The gB-8p-specific Vβ10+ TCRβ repertoires in neonatal and aged mice are less diverse than in adult mice

To investigate the influence of age on the diversity of the Vβ10+ TCRβ repertoires involved in the CD8+ T cell responses to the gB-8p epitope we first focused on the number of different TCRβ clonotypes per mouse. Using the gB-8p-specific Vβ10+ TCRβ repertoire data, the number of different gB-8p-specific TCRβ clonotypes was estimated for each mouse for a standard sample size of 40 TCRβ sequences (24).
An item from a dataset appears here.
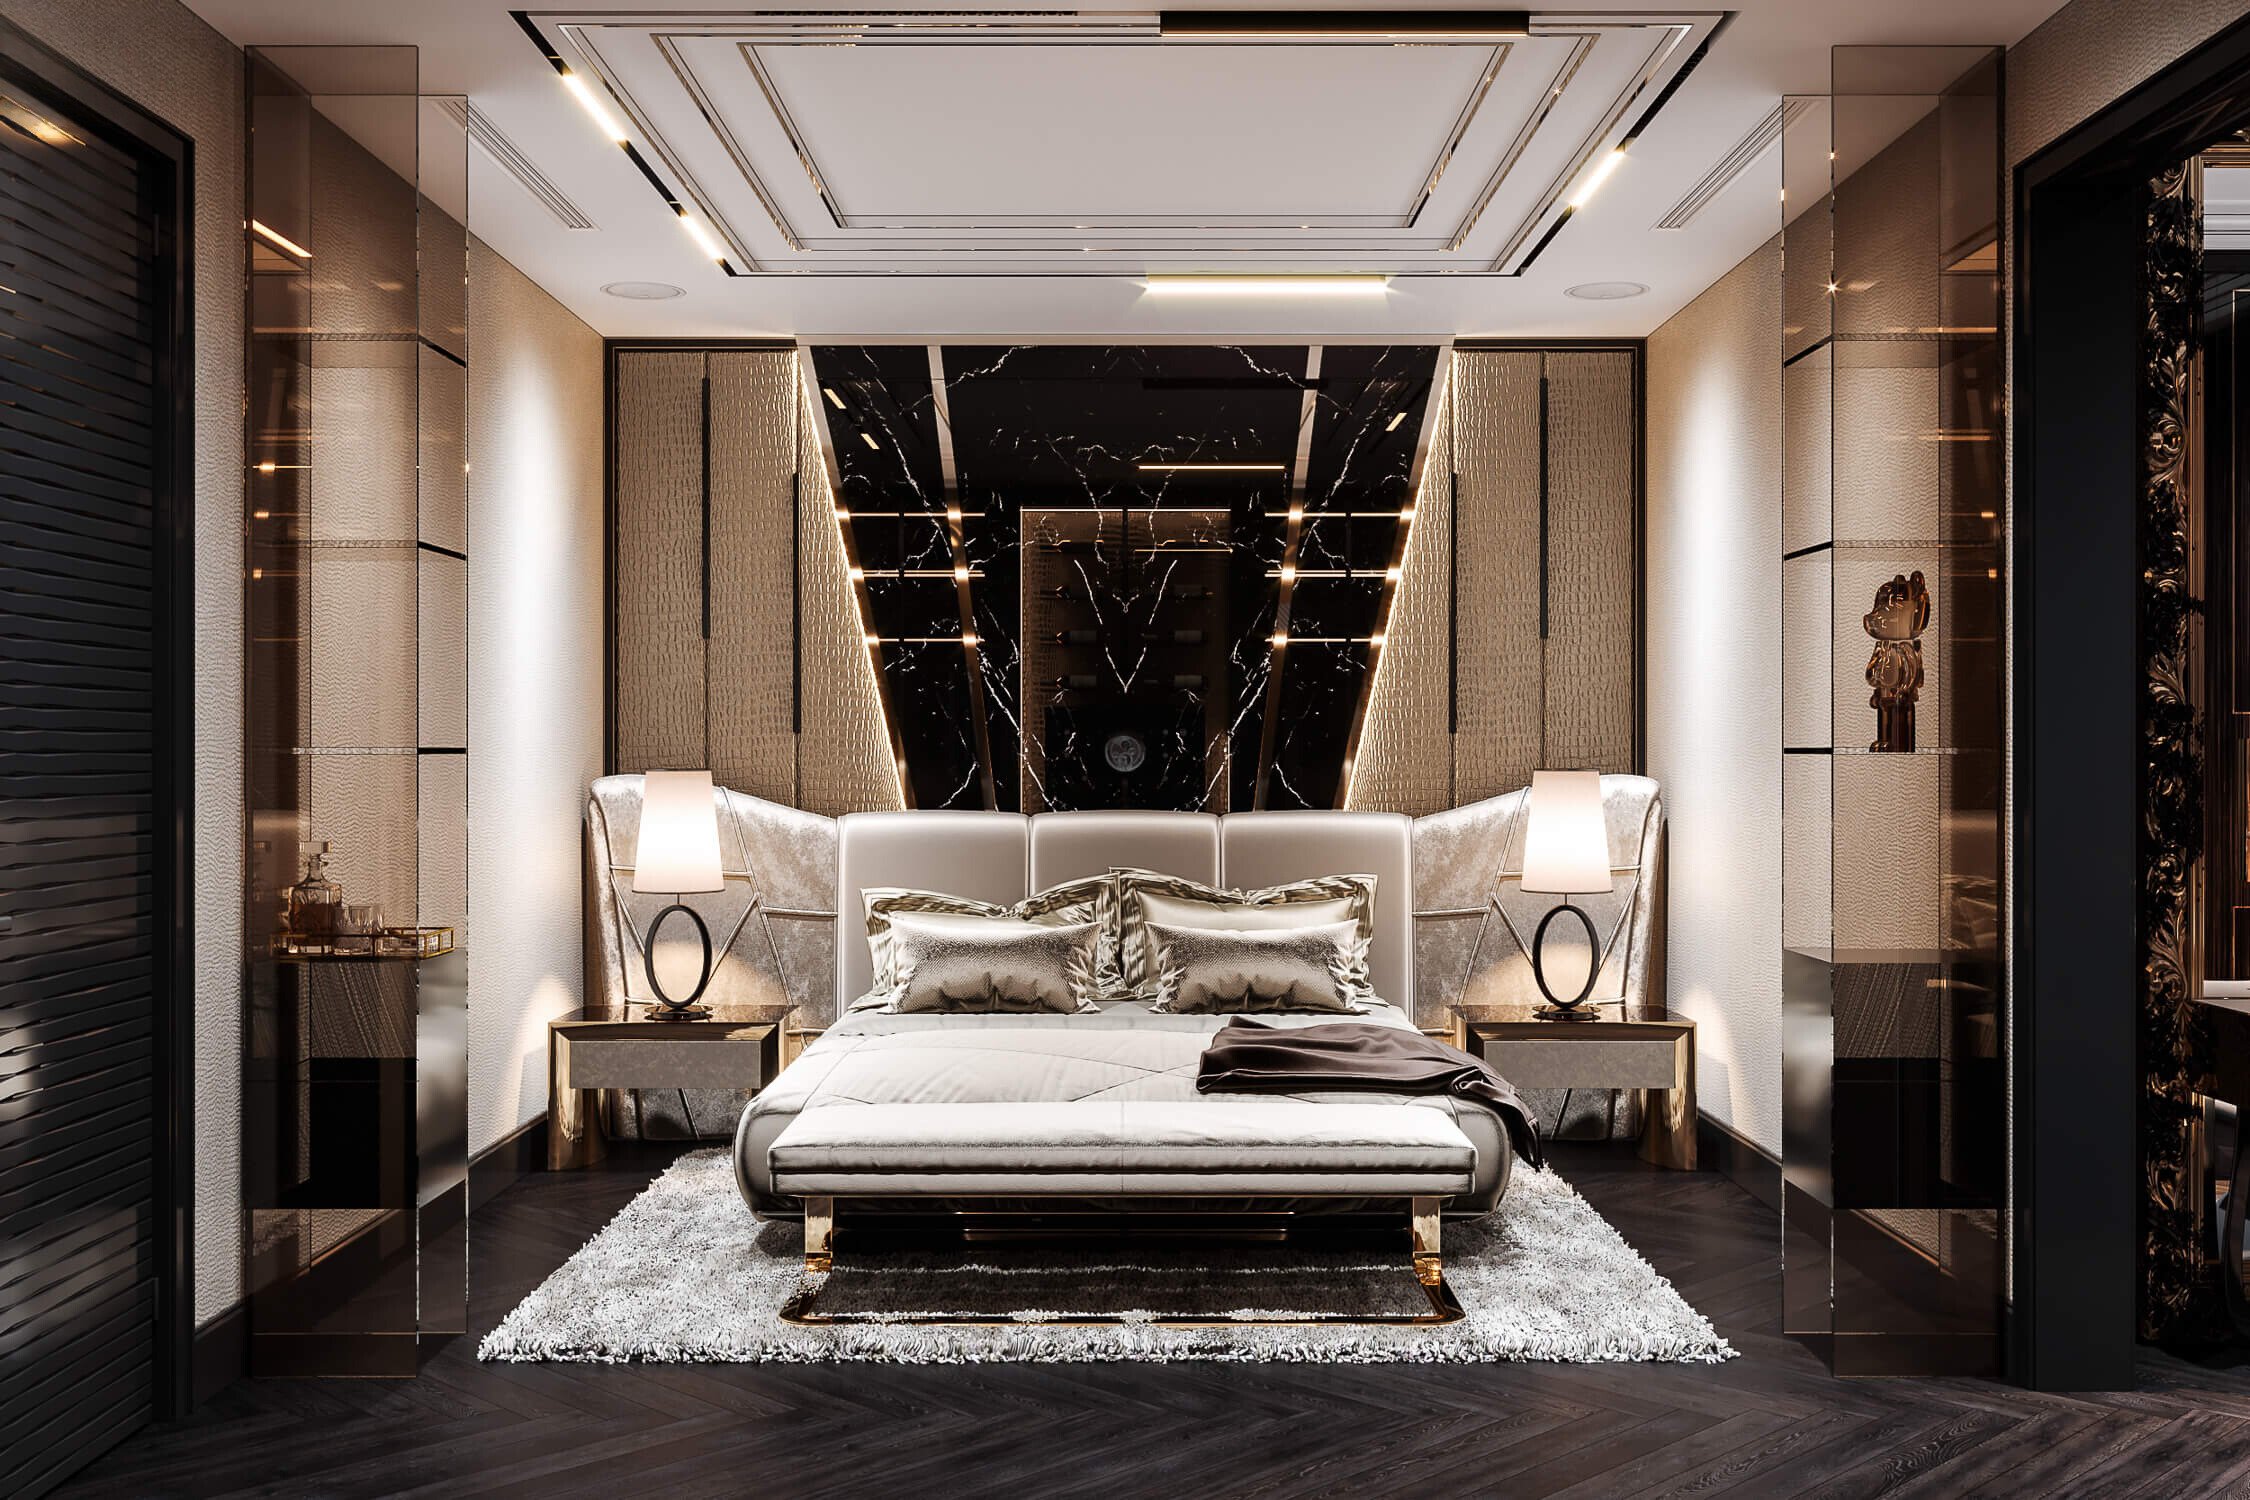 Phòng ngủ phong cách Modern Luxury nổi bật với chất liệu ánh kim hào nhoáng

We found significant differences in the median numbers of gB-8p-specific Vβ10+TCRβ clonotypes across the age groups and the number of gB-8p-specific Vβ10+ TCRβ clonotypes was significantly higher in 2-3 months old mice than mice aged 7 days, 18 months, and 22 months old. The number of gB-8p-specific Vβ10+ TCRβ clonotypes was also significantly lower in 7 days old mice compared with 18 and 22 months old mice (Fig. 5A, Tab. S1).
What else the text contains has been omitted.